Плюсквамфутурум - [55]
«В связи с приближающейся годовщиной обвала Крымского моста воспрепятствовать памятным мероприятиям, их участников судить за нарушение гостайны…»
Небрежно скомкав лист бумаги, я бросил его обратно в сумку. В вагоне ктото дремал, прислонившись к окну, ктото негромко разговаривал.

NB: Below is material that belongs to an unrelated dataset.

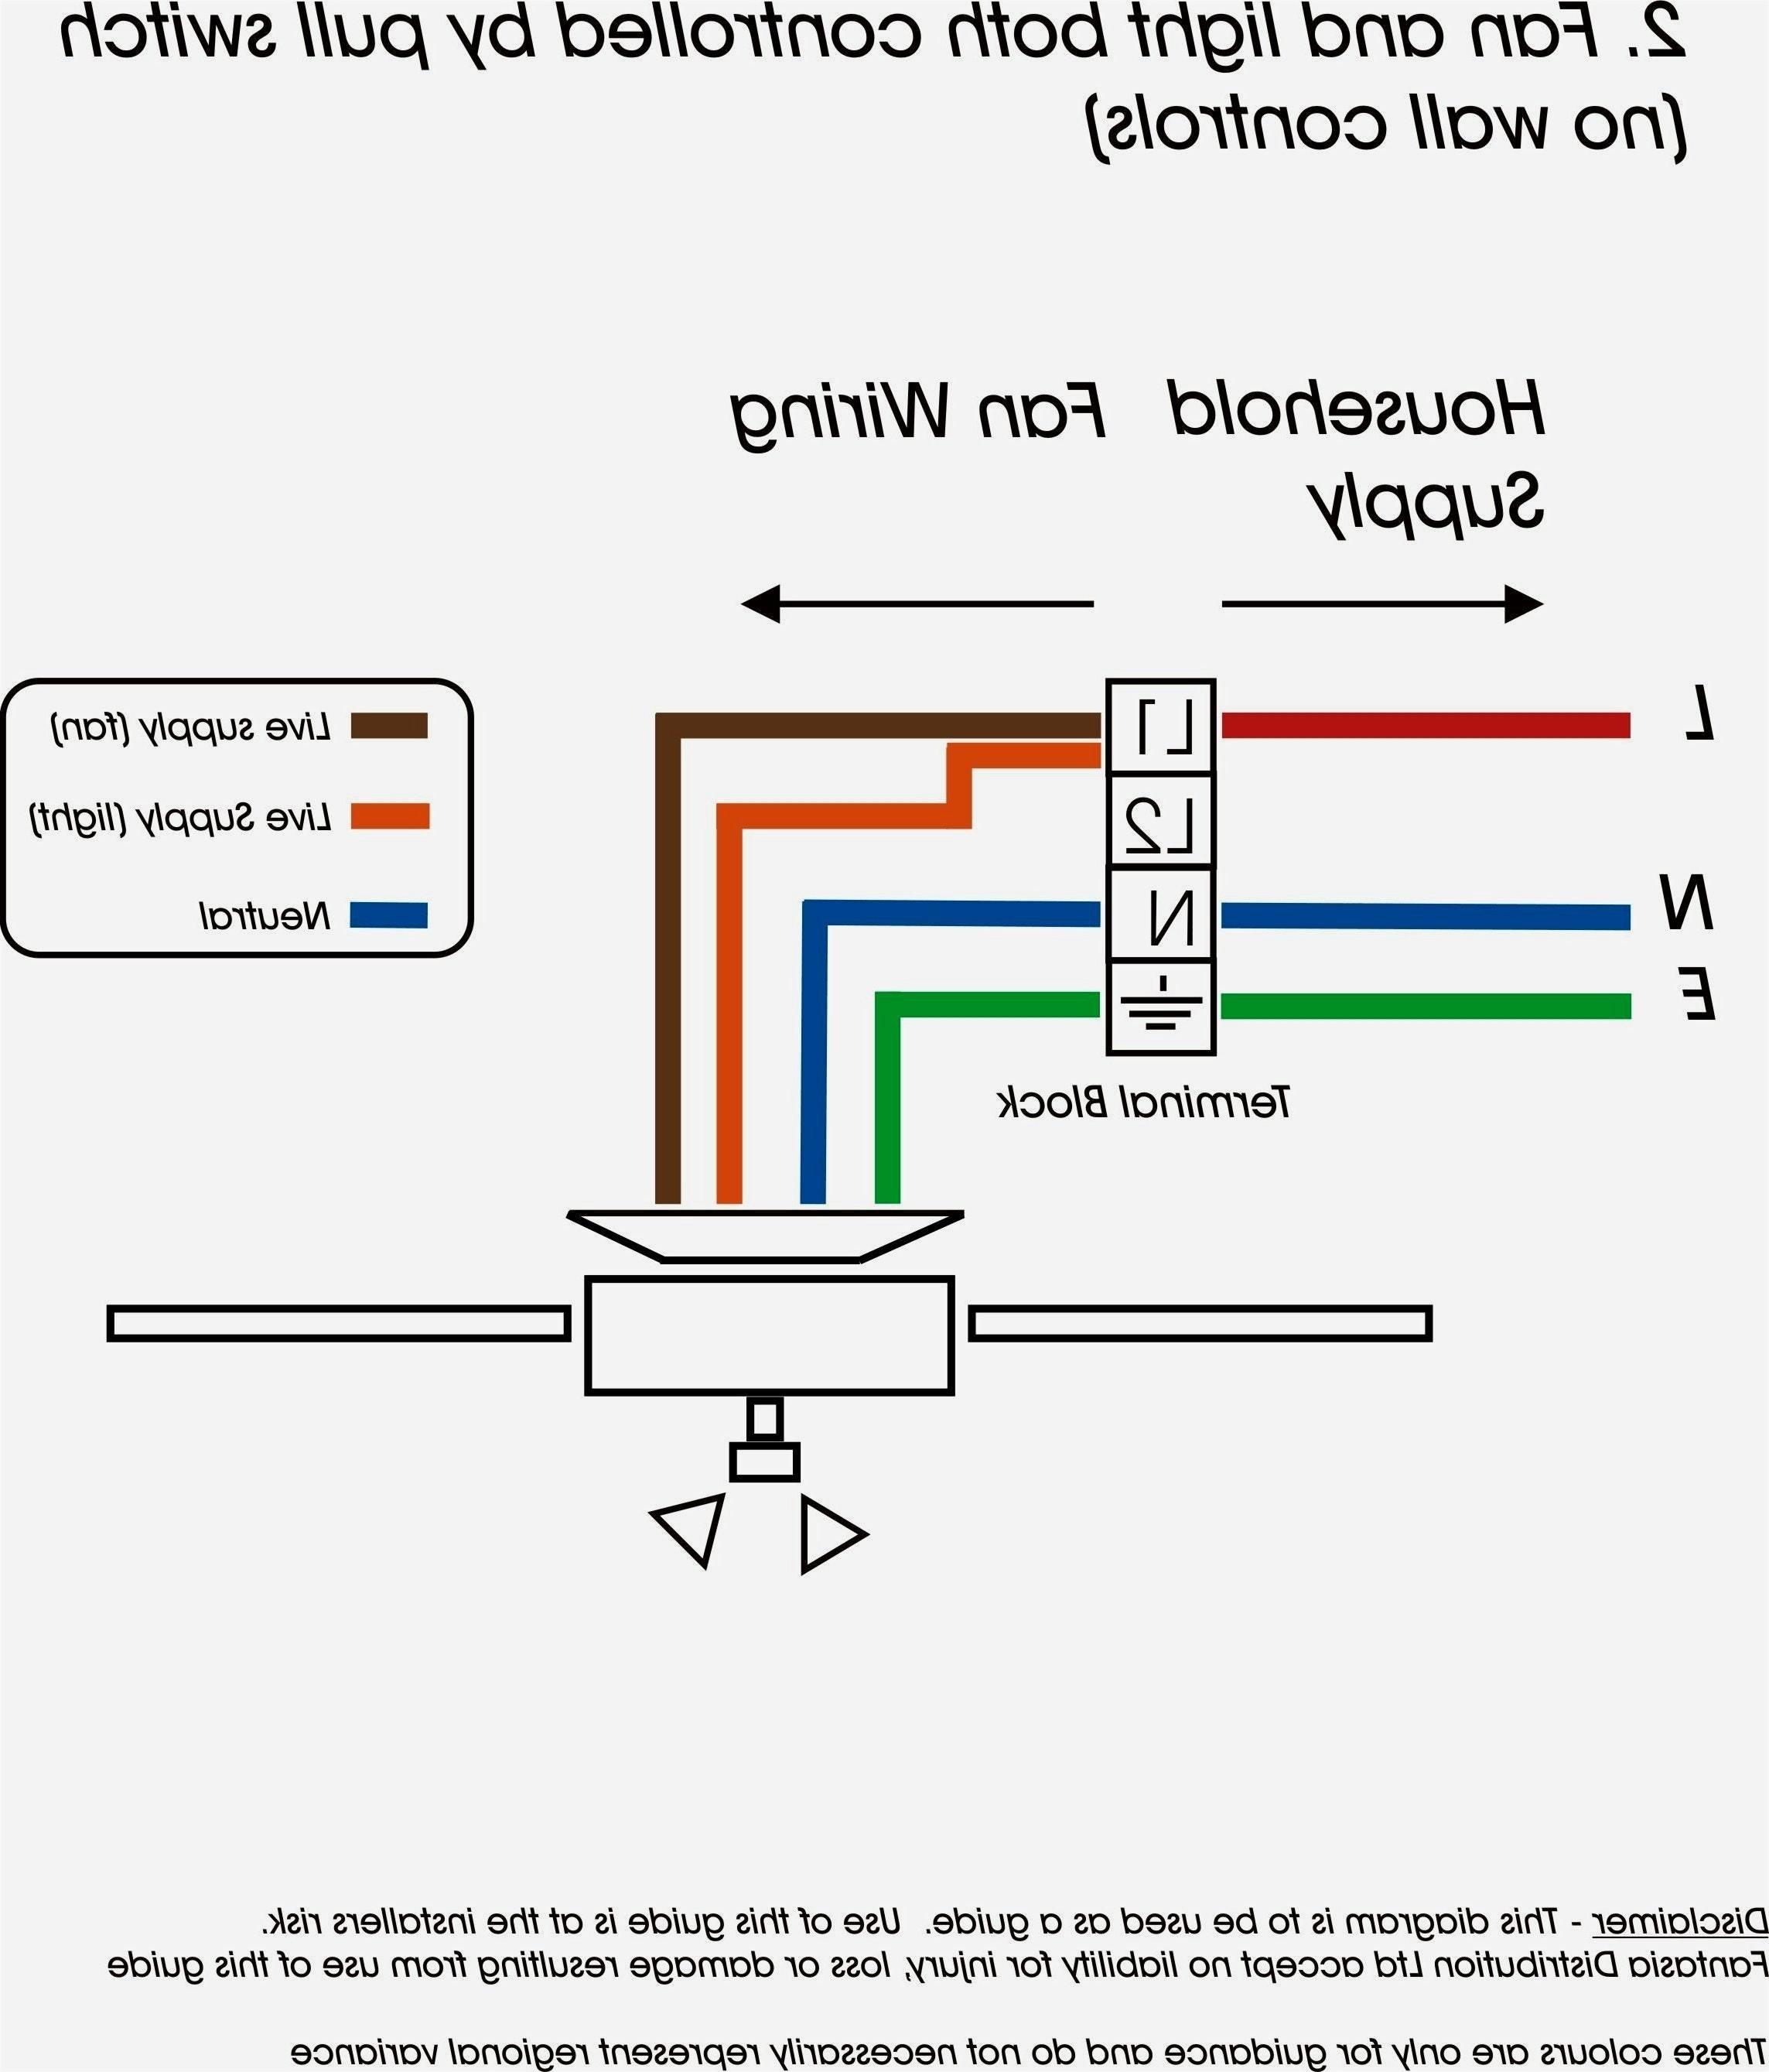 texas pride trailer wiring diagram Collection-Mitsubishi Trailer Wiring Diagram Best Eacad Wiring Diagram and 40 Fantastic Texas Pride Trailer Wiring 8-b

Гдето в начале вагона призывно зашипела открываемая бутылка. Наверное, пиво, подумал я, облизывая пересохшие губы. Кто же будет пить минералку в электричке? Я оглянулся. Трое мужчин маргинального вида, словно сошедших со страниц поэмы «Москва — Петушки», разливали по затёртым пластмассовым стаканам чекушку газированной водки. Запахло резиной, словно в вагон вошёл взвод тайной полиции в плащах.
Электричка с каждой остановкой заполнялась всё больше и больше. По всей видимости, ранним утром все ехали в Москву на работу. Уже в Гагарине все сидячие места оказались занятыми. Одна свирепого вида бабушка, опирающаяся на свою тележку, пристально оглядела вагон, после чего, оценив мой интеллигентный вид, подобралась ко мне и, тяжко вздыхая, начала сверлить меня глазами. Я просто был вынужден уступить ей место. Как знать, сказал я сам себе, может, эта бабушка — моя ровесница, рождённая в далёком 1990 году? Может быть, когда-то давно мальчики наперебой хотели потанцевать с нею на школьной дискотеке под песни «Оранжевое солнце» или «Кислотный диджей», а теперь она зачем-то ни свет ни заря едет в Москву, и во всём мире у неё больше никого нет?
Мы приехали в Можайск, где мне стало страшно от обилия людей на перроне. Штурм электрички напомнил абордажную сцену из фильма про пиратов Карибского моря. Я поймал себя на желании забаррикадировать чем-нибудь вход из тамбура в вагон, но было уже поздно: врата распахнулись под натиском. Глядя на то, как волнами врываются всё новые и новые пассажиры, я ощутил себя защитником средневекового города, где осаждающие с топорами в руках только что разбили ворота, и уже готовы грабить и разорять всё на своём пути. Людской поток заполнил вагон, притиснув меня к вагонной стене, и электричка снова отправилась в путь.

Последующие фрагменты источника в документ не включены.